Or in short -- the destination udp port takes a similar role to the
ethertype for gro l3 handlers or the ip protocol for gro l4 handlers
and we enable encapsulating protocols to plug into the existing
offload_callbacks framework, simple.
--
To unsubscribe from this list: send the line "unsubscribe netdev" in
the body of a message to majordomo@vger.kernel.org
More majordomo info at  http://vger.kernel.org/majordomo-info.html
Tom Herbert Jan. 6, 2014, 4:50 p.m. UTC | #7
On Mon, Jan 6, 2014 at 8:38 AM, Or Gerlitz <or.gerlitz@gmail.com> wrote:
> On Mon, Jan 6, 2014 at 3:32 PM, Or Gerlitz <or.gerlitz@gmail.com> wrote:
>> As the GUE RFC states, with UDP encapsulation, the encap protocol is
>> actually derived from the UDP destination port. With that assumption
>> at hand, we can have the udp gro code to export callbacks for upper
>> uncapsulation protocol to install a gro handler which has the
>> following trivial strucure:
>>
>> key = <PORT>  data = <gro receive/complete callbacks>
>
>> which plugs nicely into the general framework of the gro stack. The
>> udp gro receive code would act as follows
>> -- if there's no gro handler set for the packet udp dest port, flush
>> - do the normal loop to find match on the packet dest/src udp ports
>> - call the protocol (e.g VXLAN) gro receive callback
>> This would avoid dealing with sockets etc and be very efficient, makes sense?
>
> Or in short -- the destination udp port takes a similar role to the
> ethertype for gro l3 handlers or the ip protocol for gro l4 handlers
> and we enable encapsulating protocols to plug into the existing
> offload_callbacks framework, simple.

I think this would be a good start. We can further optimize the encap
path later on.
--
To unsubscribe from this list: send the line "unsubscribe netdev" in
the body of a message to majordomo@vger.kernel.org
More majordomo info at  http://vger.kernel.org/majordomo-info.html
Or Gerlitz Jan. 6, 2014, 6:13 p.m. UTC | #8
On Mon, Jan 6, 2014 at 6:50 PM, Tom Herbert <therbert@google.com> wrote:
> I think this would be a good start. We can further optimize the encap
> path later on.

good, did you had the chance to look on the 2nd problem I was facing,
e.g how to prevent gro-ing encapsulated VM (this issue will not happen
for non-virtualization schemes, I think) udp packets which happen to
carry a destination port which belongs to an encapsulation protocol?

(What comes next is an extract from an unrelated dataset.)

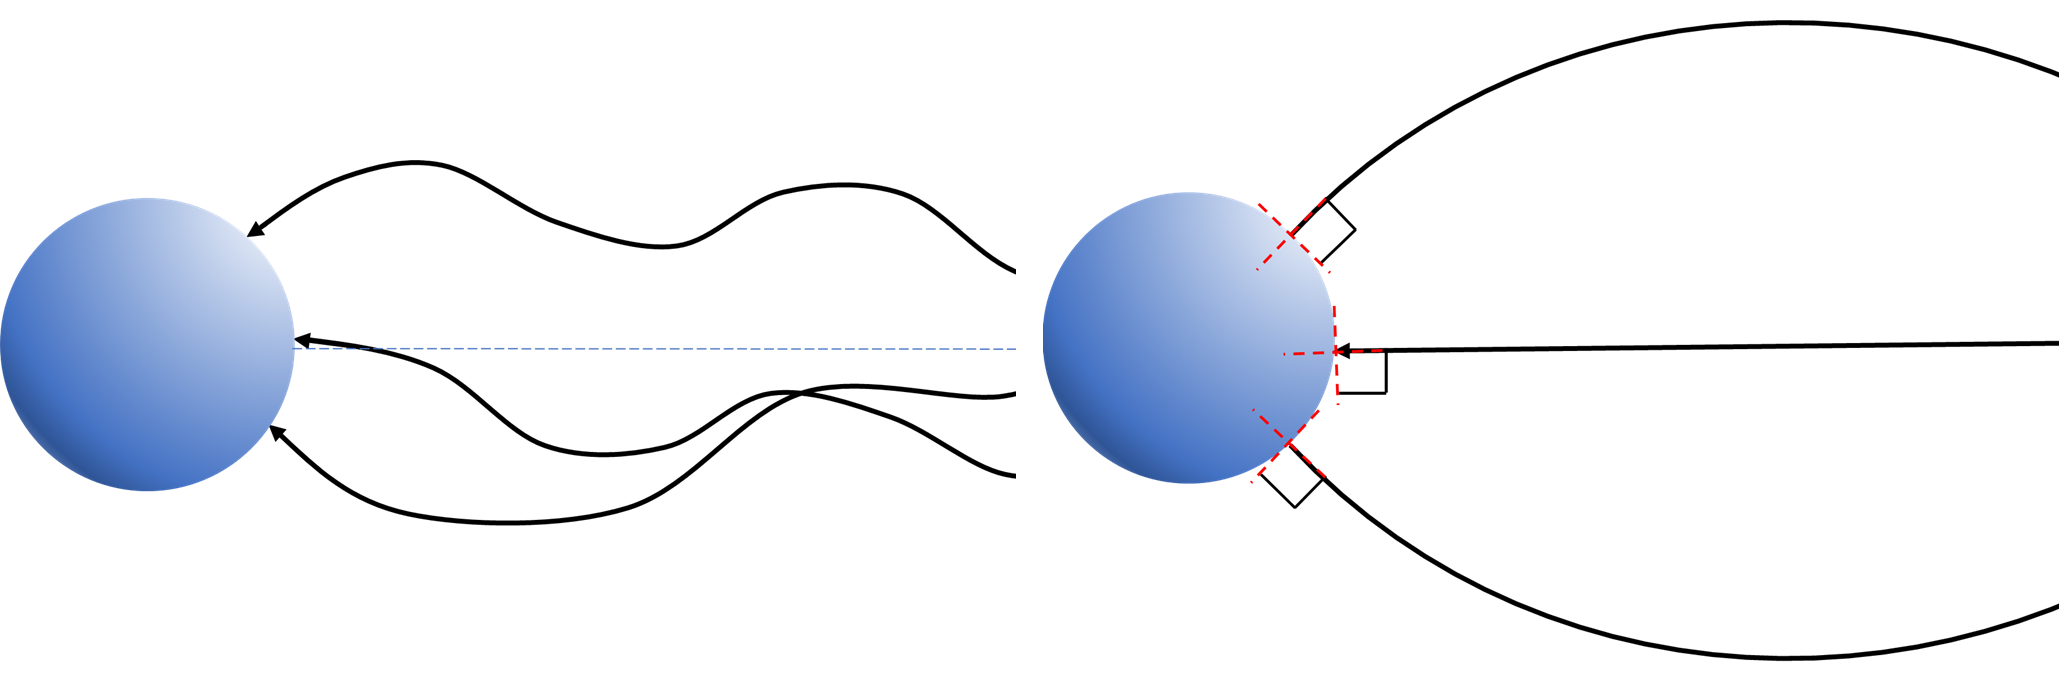 Diagram showing bent and random-path rays of light hitting the earth.

as I wrote earlier here, I was thinking to add some field to struct
napi_gro_cb which will be zeroed when the gro stacks starts to work on
the skb and set once we pass udp_gro_receive, such that if we arrive
again to udp_gro_recieve and this field is set, which means the
encapsulated
packet is udp one, we flush.
--
To unsubscribe from this list: send the line "unsubscribe netdev" in
the body of a message to majordomo@vger.kernel.org
More majordomo info at  http://vger.kernel.org/majordomo-info.html
Tom Herbert Jan. 6, 2014, 6:46 p.m. UTC | #9
On Mon, Jan 6, 2014 at 10:13 AM, Or Gerlitz <or.gerlitz@gmail.com> wrote:
> On Mon, Jan 6, 2014 at 6:50 PM, Tom Herbert <therbert@google.com> wrote:
>> I think this would be a good start. We can further optimize the encap
>> path later on.
>
> good, did you had the chance to look on the 2nd problem I was facing,
> e.g how to prevent gro-ing encapsulated VM (this issue will not happen
> for non-virtualization schemes, I think) udp packets which happen to
> carry a destination port which belongs to an encapsulation protocol?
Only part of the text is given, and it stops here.